Ну, как не сравнить это с нечаянно вырвавшейся правдой, которую хотят поправить ложью!
Что бы там ни было но перед маленькой особой, которую сперва никто и не замечал, все остальные женщины вдруг померкли и вот они поневоле поворачивались, когда она проходила, разглядывали, что же она собою представляет, раз все мужчины, по прихоти своей, отличили ее. Словом, из ничтожества она внезапно стала некоей величиной.
И вот кокетки, в свою очередь, рассматривали меня, но миловидность не могла успокоить их напрасны оказались их надежды высмеять мою наружность — к услугам их злых языков была лишь моя юная прелесть. Согласитесь, что мне было от чего возгордиться!
Вы скажете мне, что рассерженным кокеткам не хотелось признать меня хорошенькой.

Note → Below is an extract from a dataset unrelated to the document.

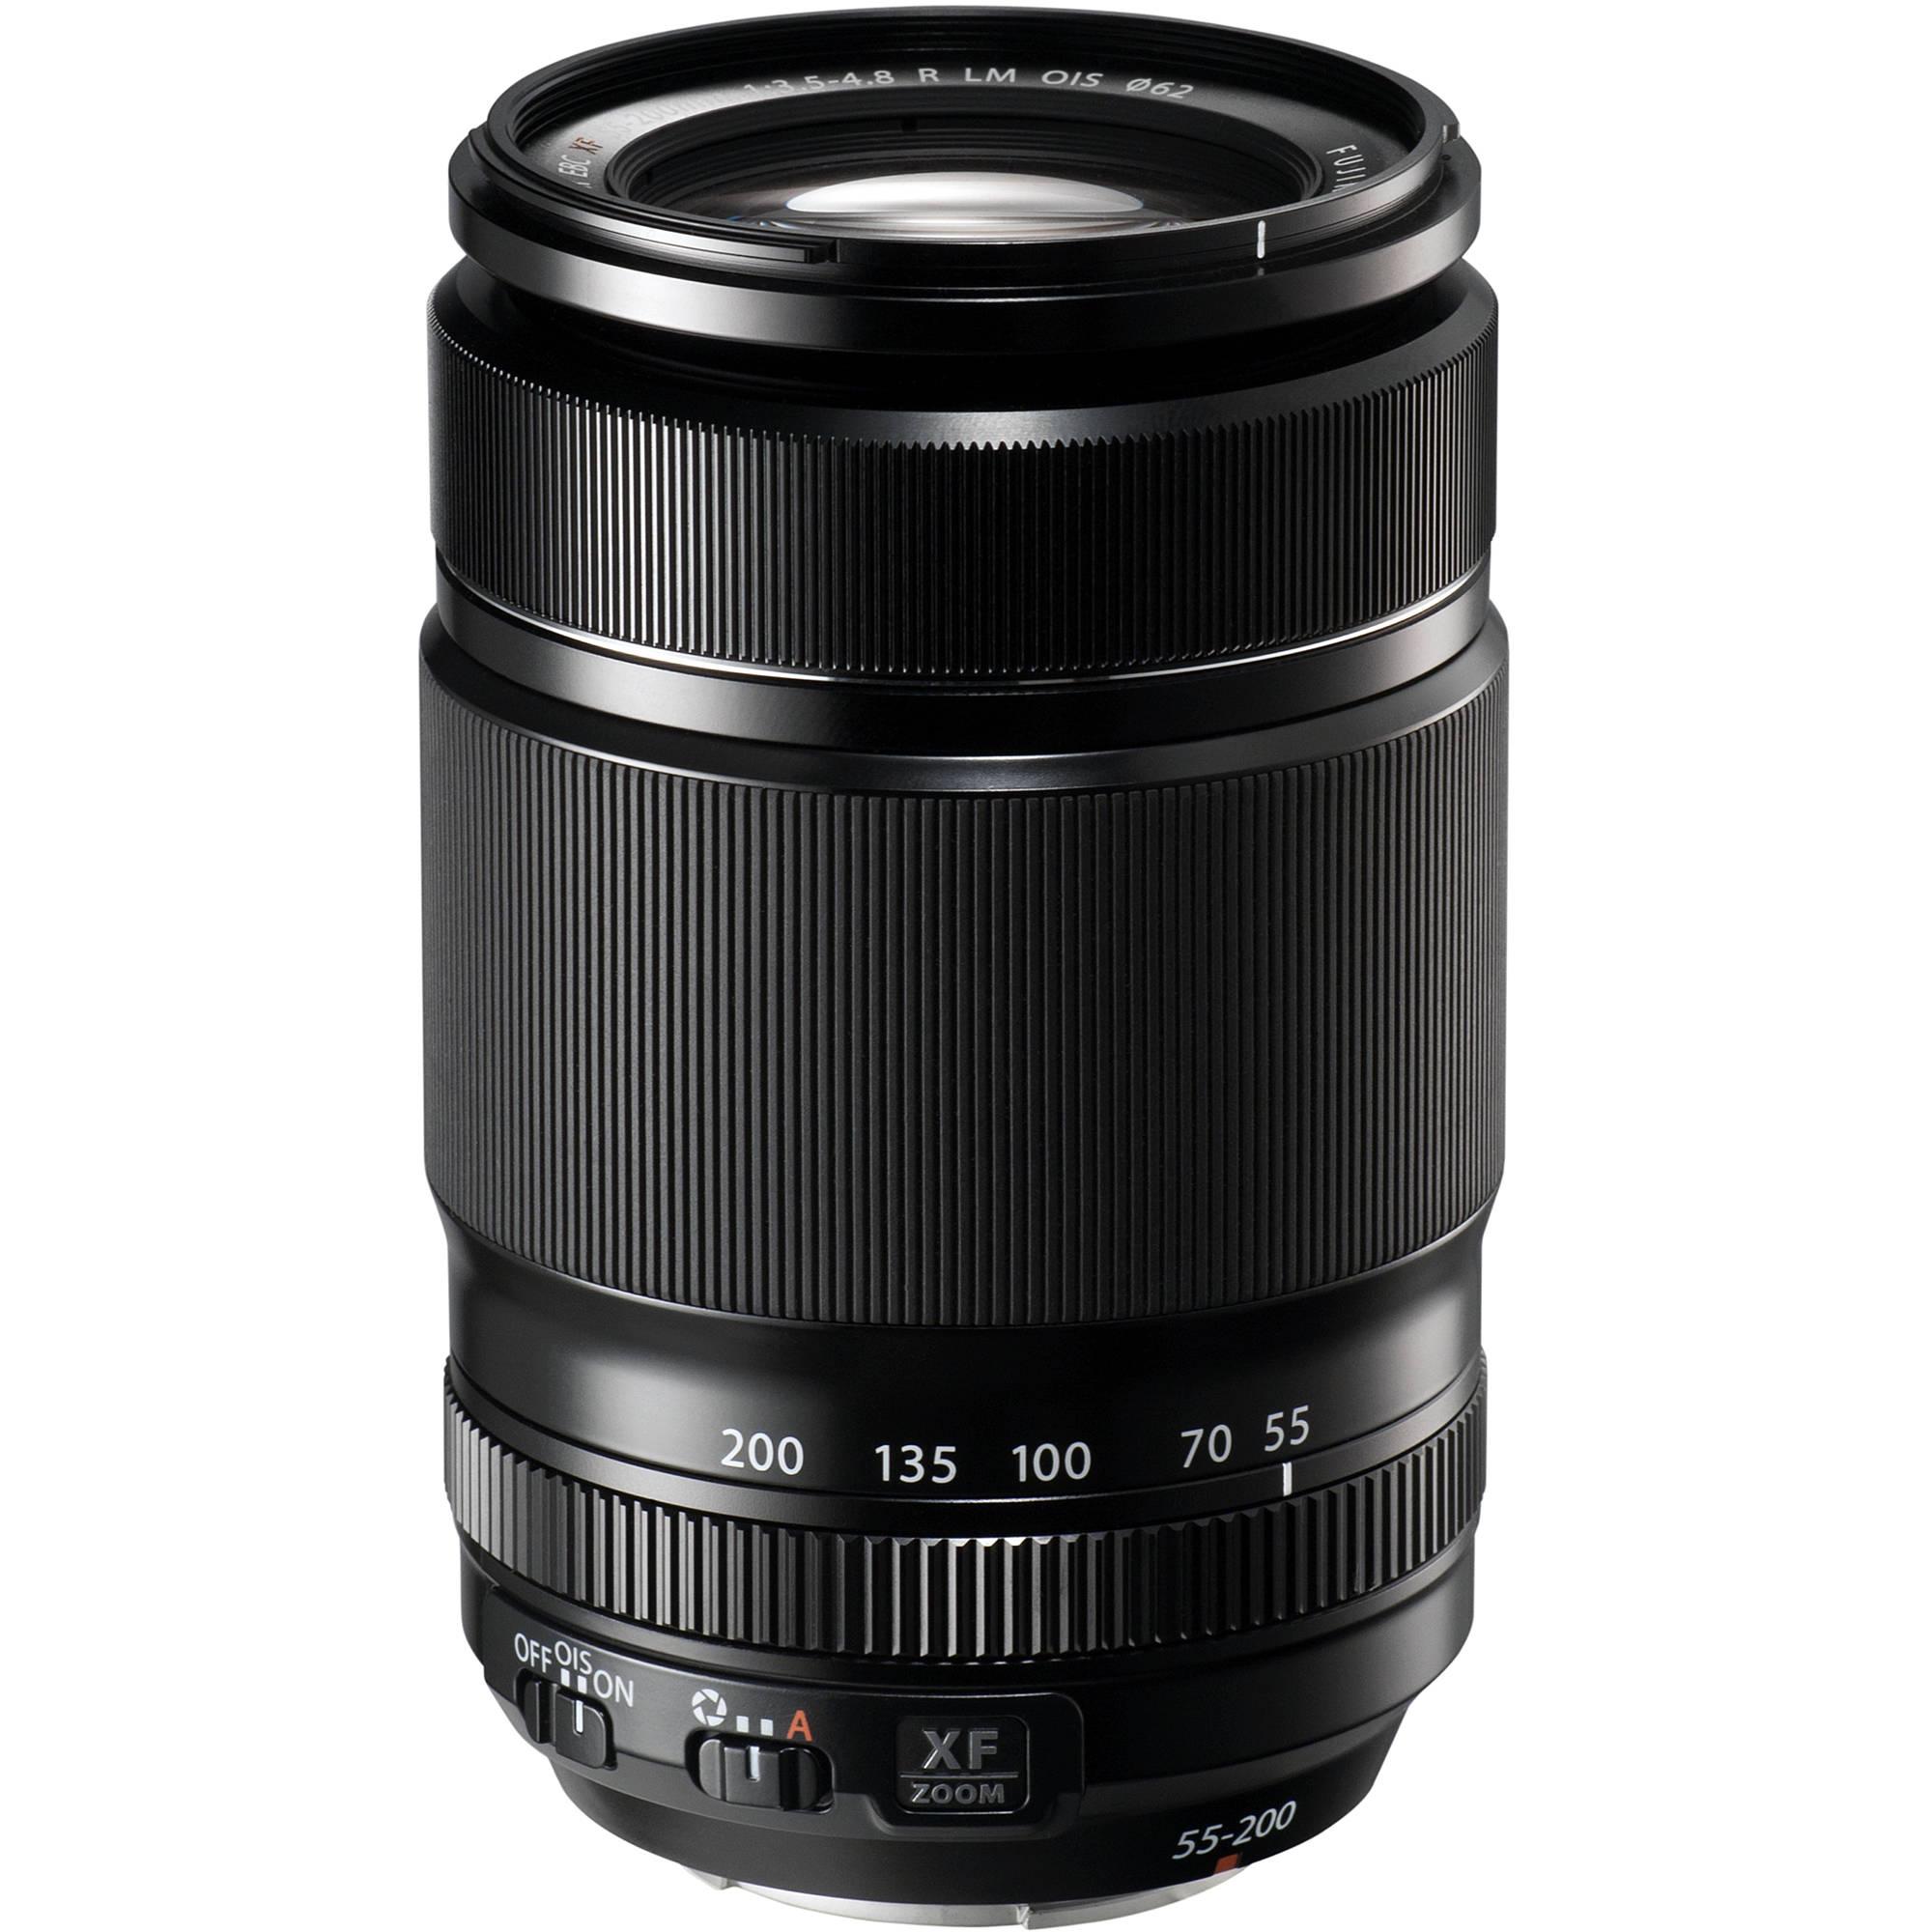 Fujifilm X Series Lenses Bh Photo Video Fujinon Xf 100 400mm F 45 56 R Lm Ois Wr 55 200mm 35 48 Lens

Пусть так, но я убеждена, что в глубине души они это признавали, а к тому же досада придавала зоркости их глазам.
Доверьте завистникам заботу узнать, что вы собой представляете, они вам прекрасно послужат: с их жалкой страстью связана необходимость хорошо видеть, и они обнаружат все ваши достоинства, отыскивая отсутствующие у вас недостатки,— вот что их постигнет.
Мои соперницы недолго меня разглядывали: даже быстрый обзор, которому они подвергли меня, был для них не очень приятен, а люди всегда стремятся поскорее покончить с тем, что их унижает.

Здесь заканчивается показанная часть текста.